Yale University
Department of Statistics

ON OPTIMAL MATCHING AND BOOTSTRAP OF EMPIRICAL PROCESSES


Monday, October 14, 1996

Yongzhao Shao
Department of Statistics
Columbia University
New York, New York 10027
yshao@stat.columbia.edu
Seminar to be held in Room 107, 24 Hillhouse

Abstract
Matching problems have arisen in a number of interesting and seemingly unrelated areas. In the last decade, there have been major advances in optimal matching problems using probabilistic methods (see e.g., Statistical Science, 1993, No.1). We first show that the problem of bootstrapping empirical measures may be transformed into a problem of optimal matching. Some recently obtained optimal matching results are applied to establish rate of convergence results on bootstrapped empirical measures with respect to the dual bounded Lipschitz metric as well as the Prohorov distance (i.e. Glivenko-Cantelli type theorems) in all dimensions.
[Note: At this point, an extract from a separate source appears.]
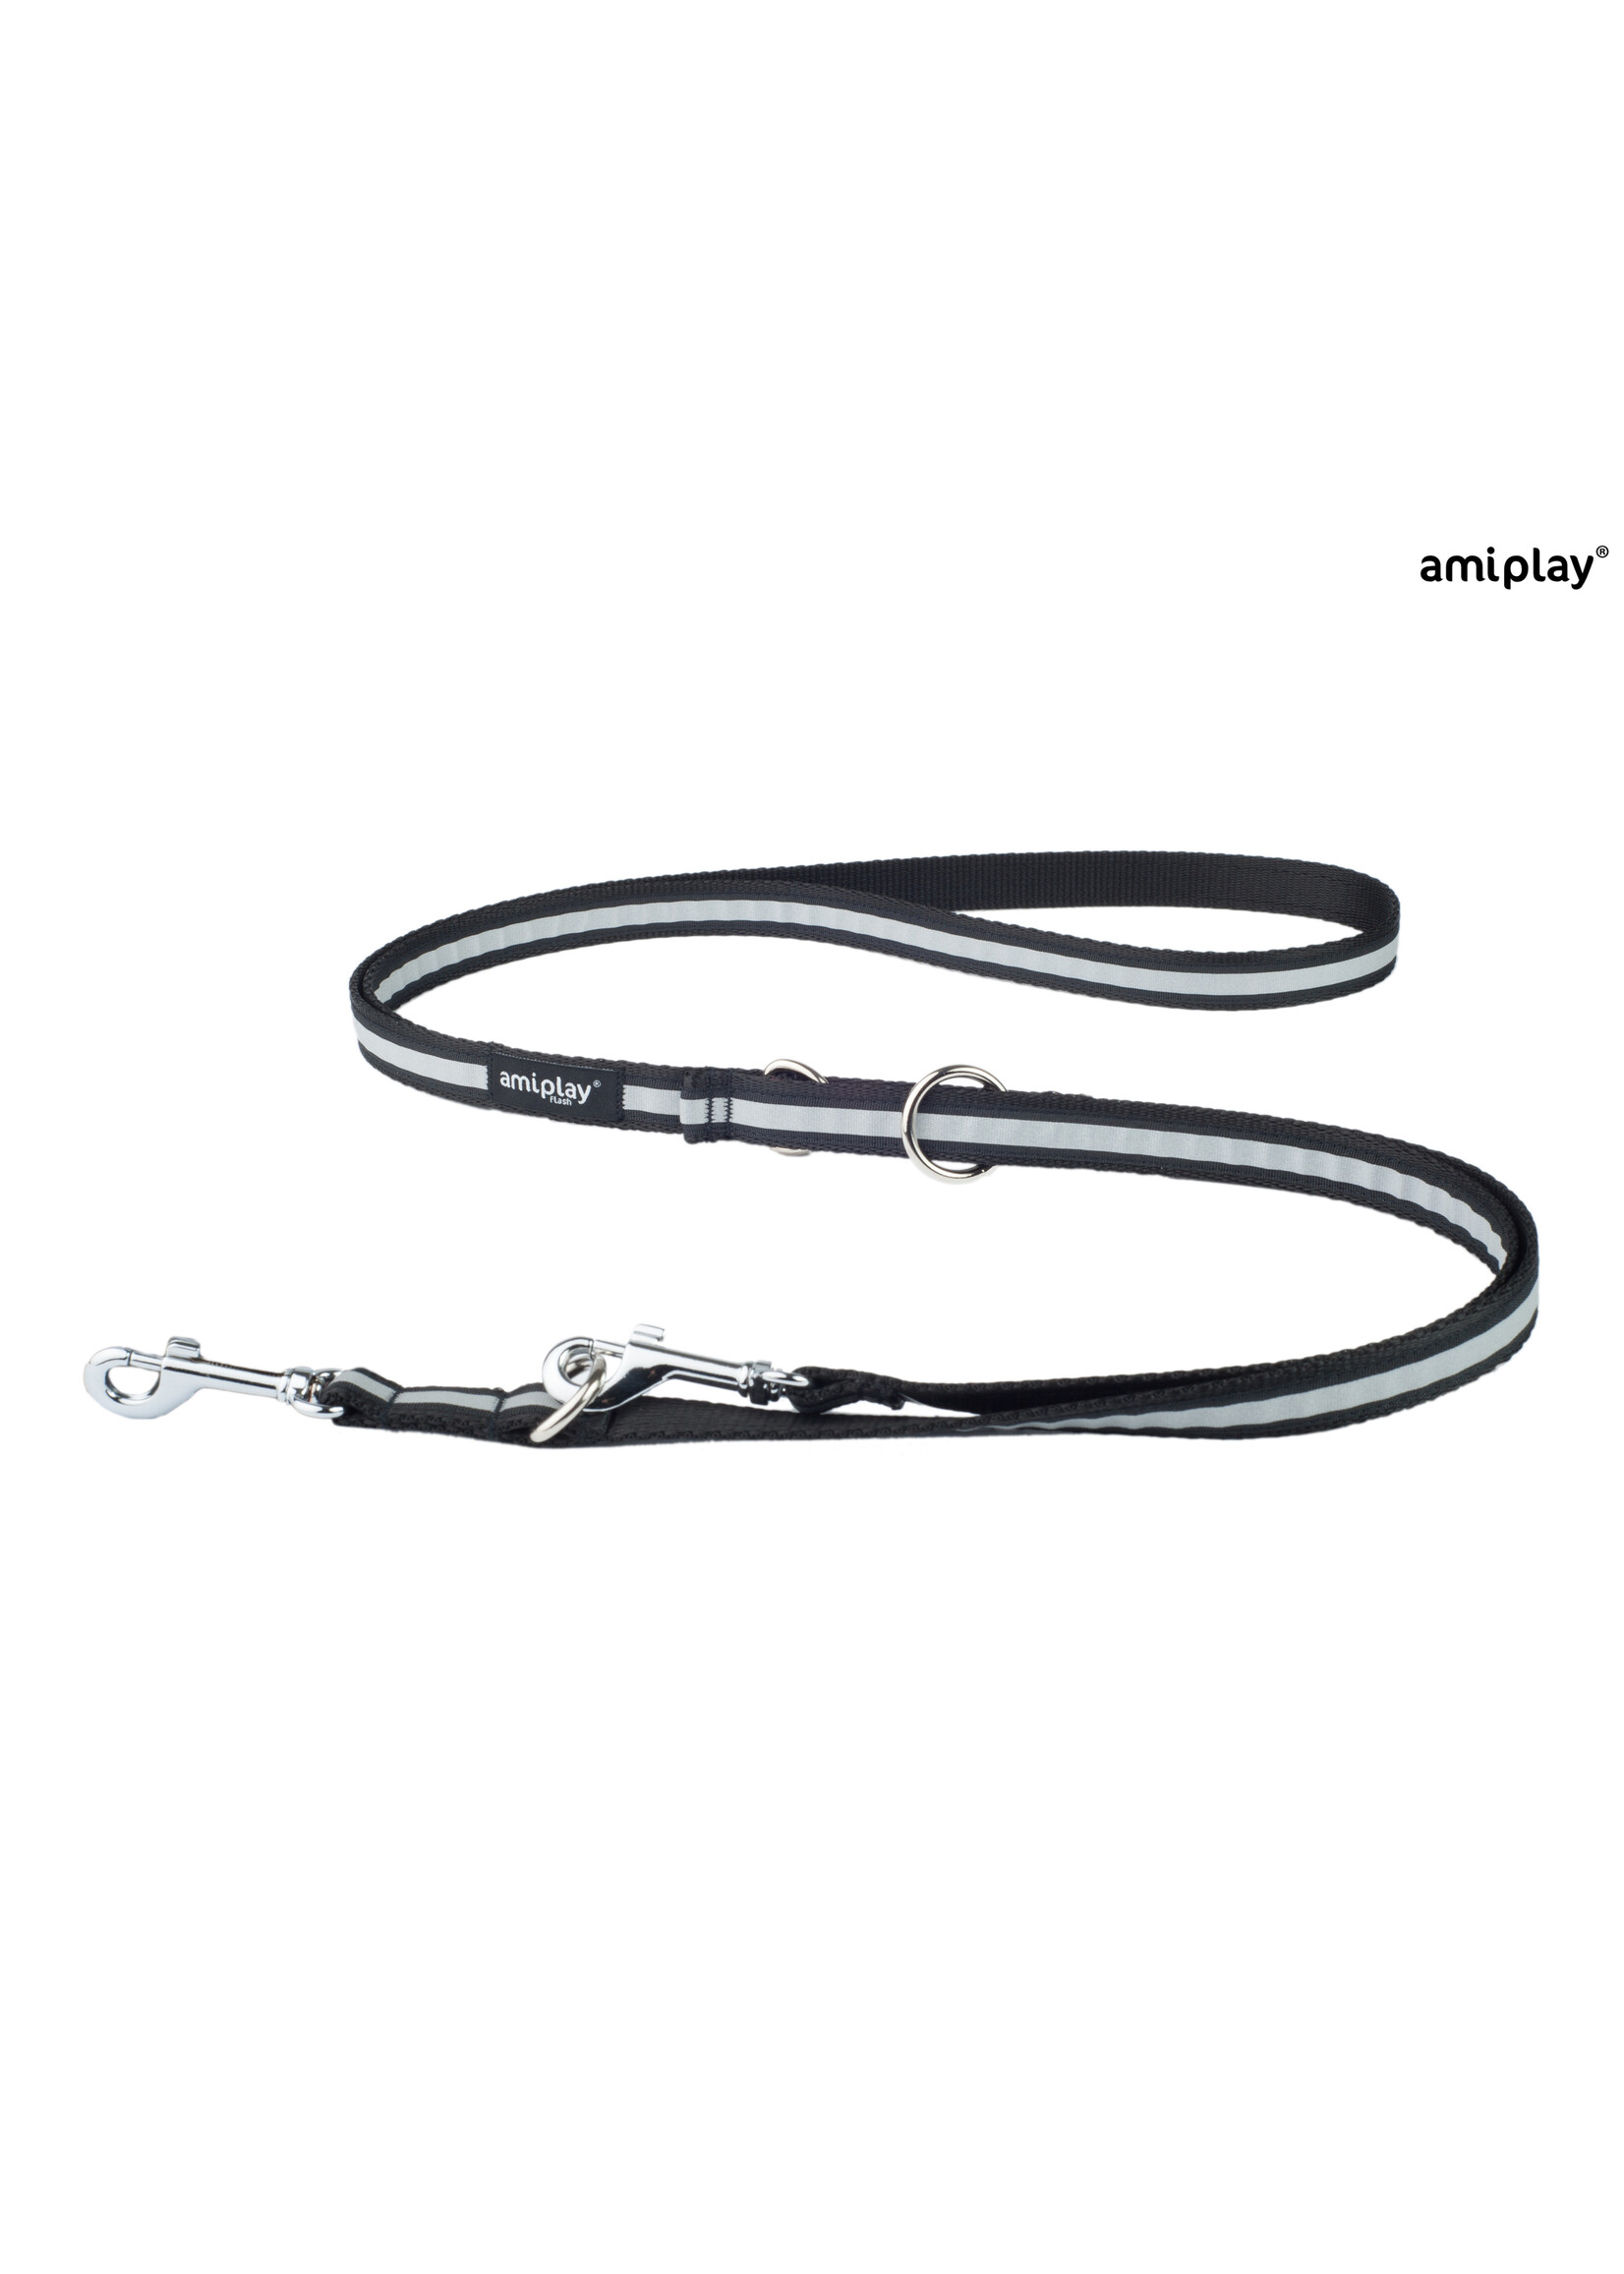 Amiplay Leiband verstelbaar 6in1 Shine zwart maat-M / 100-200x1,5cm
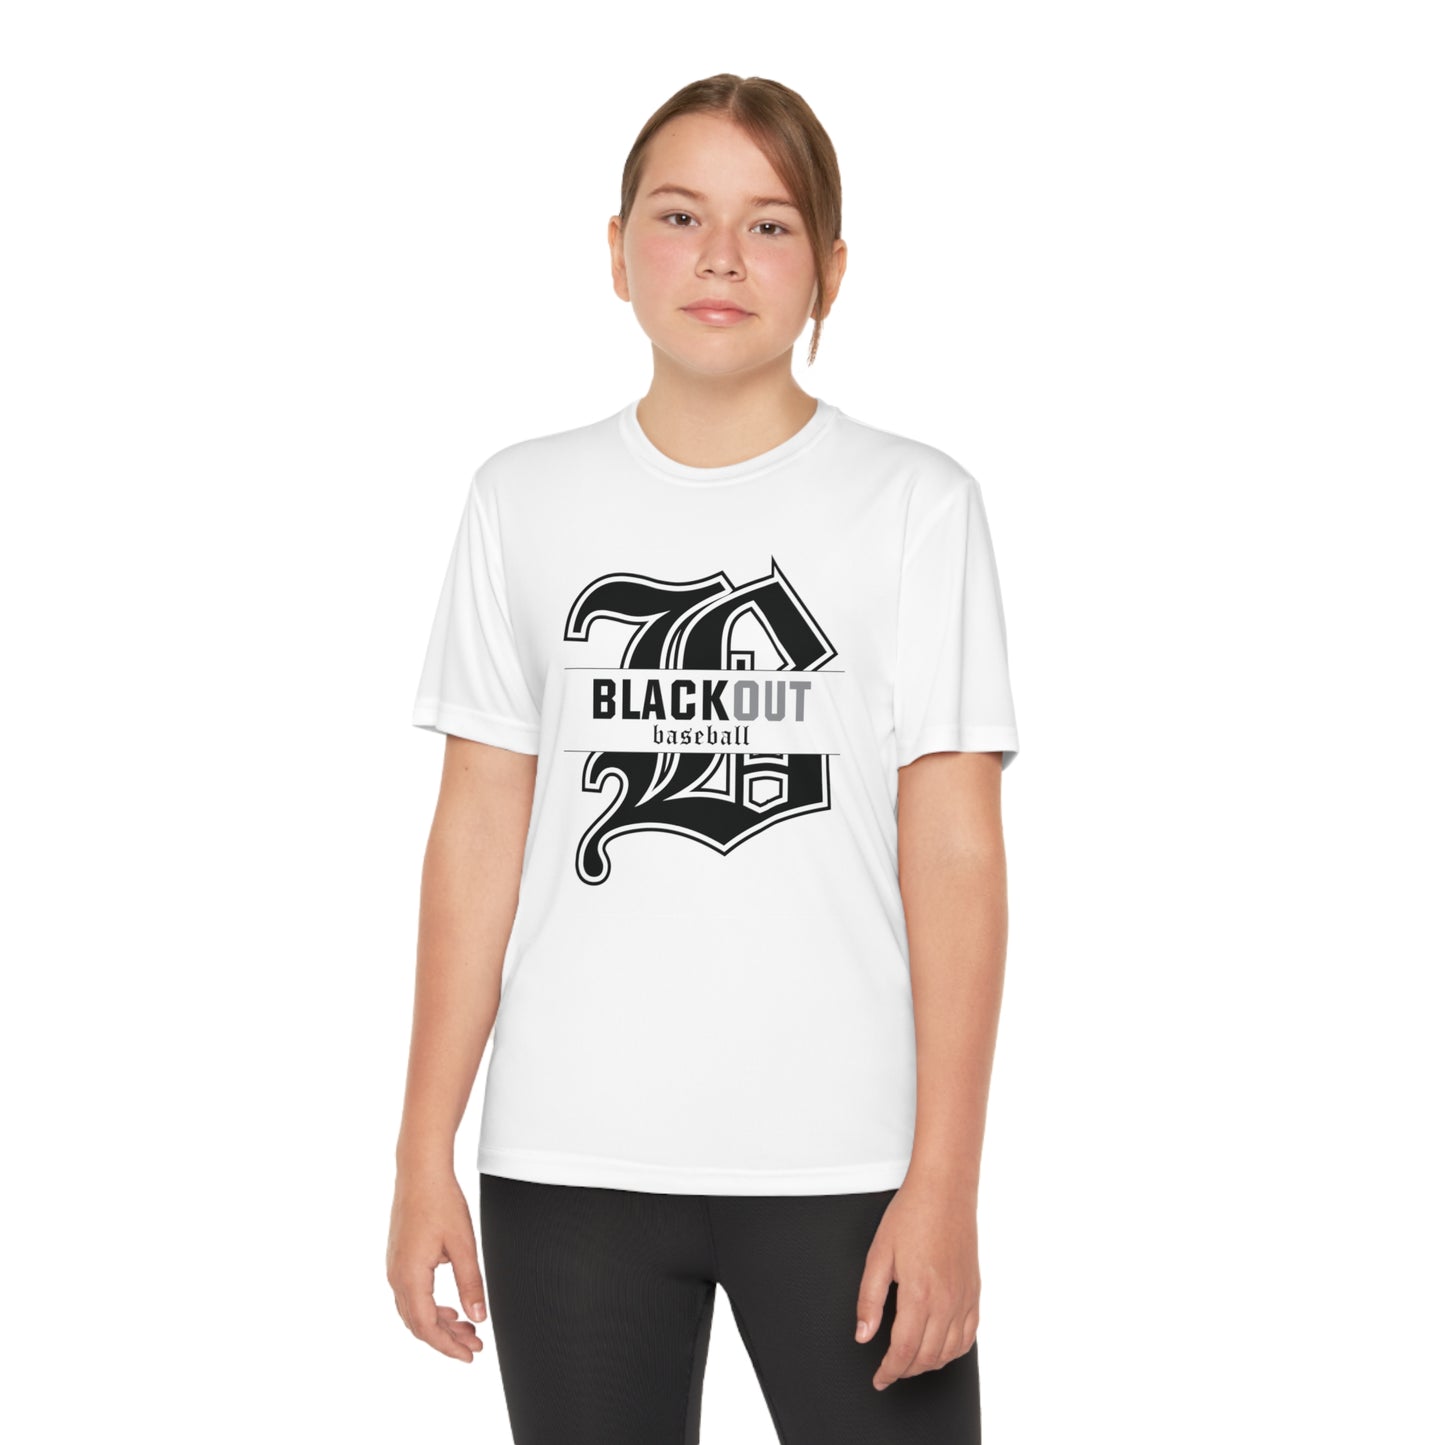 YOUTH - "Blackout Baseball" Moisture-Wicking T-Shirt - (Black, White, or Gray)

The connection between matching probelms and Efron's bootstrap is then used through refining a representation method, introduced in Lo (1989), to obtain rate of convergence results for bootstrapping empirical processes exemplified by the empirical process indexed by Vapnik-Cervonenkis classes of sets. For a particular example, the Donsker type central limit theorem does not hold for the uniform empirical process indexed by lower layers in the unit square, however the supremum distance between a version of the empirical process and its bootstrapped counterpart is shown to go to zero almost surely, with a rate faster than ``square-root n.'' The bootstrap results obtained here complement the well-known results of Gin{\'e} and Zinn (1990) on bootstrapping CLT of empirical processes.